So, I have played to audiences real or imagined all of my life — and it has brought me no end of pleasure. I like to imagine what thoughts go through their minds, every detail of their appreciation of me. Right now, for instance, there is a boy, outside the beach kiosk, watching me. He has two sisters flanking him, but they are younger and more interested in the twenty flavours of ice-cream brought down to Menton from
Nice, some of them so disgusting that just to read their names is enough to make one bilious: beer, licorice, mimosa.
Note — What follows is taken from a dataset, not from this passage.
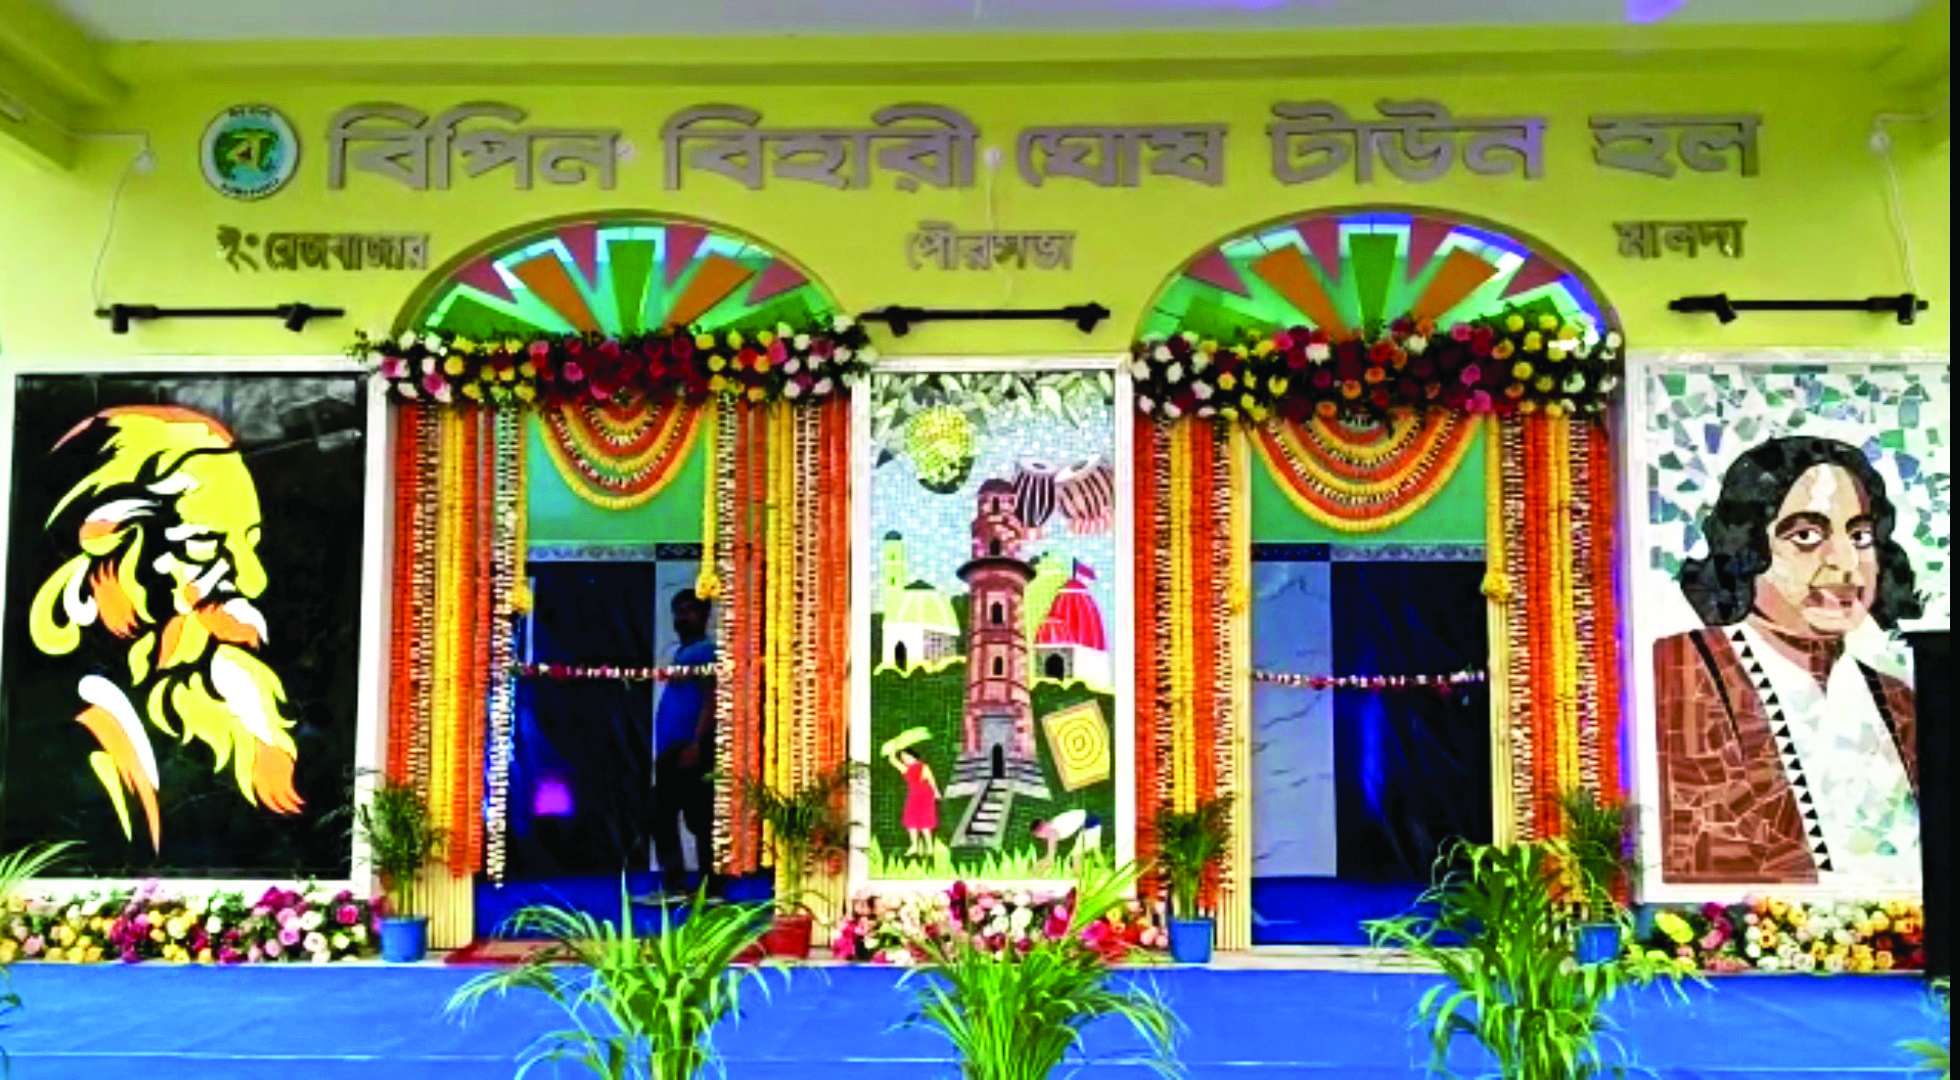 Malda Town Hall gets major facelift: 300 seats replaced, facility renovated at Rs 60L

The boy’s mother has seen me now too, and she pauses in the lighting of her cigarette. It is hot today and I can see she is overdressed and bothered, and would like to be like me, stretched out on my foam-rubber pallet, entirely oiled and lying on my back in the sun. Would her breasts be as beautiful as mine, as firm to the touch, as sweetly positioned on the top of her chest? Mine are smooth with silicone, buoyant and brown. Would her stomach be like mine, sculptured stone? Would her limbs be as fleshless?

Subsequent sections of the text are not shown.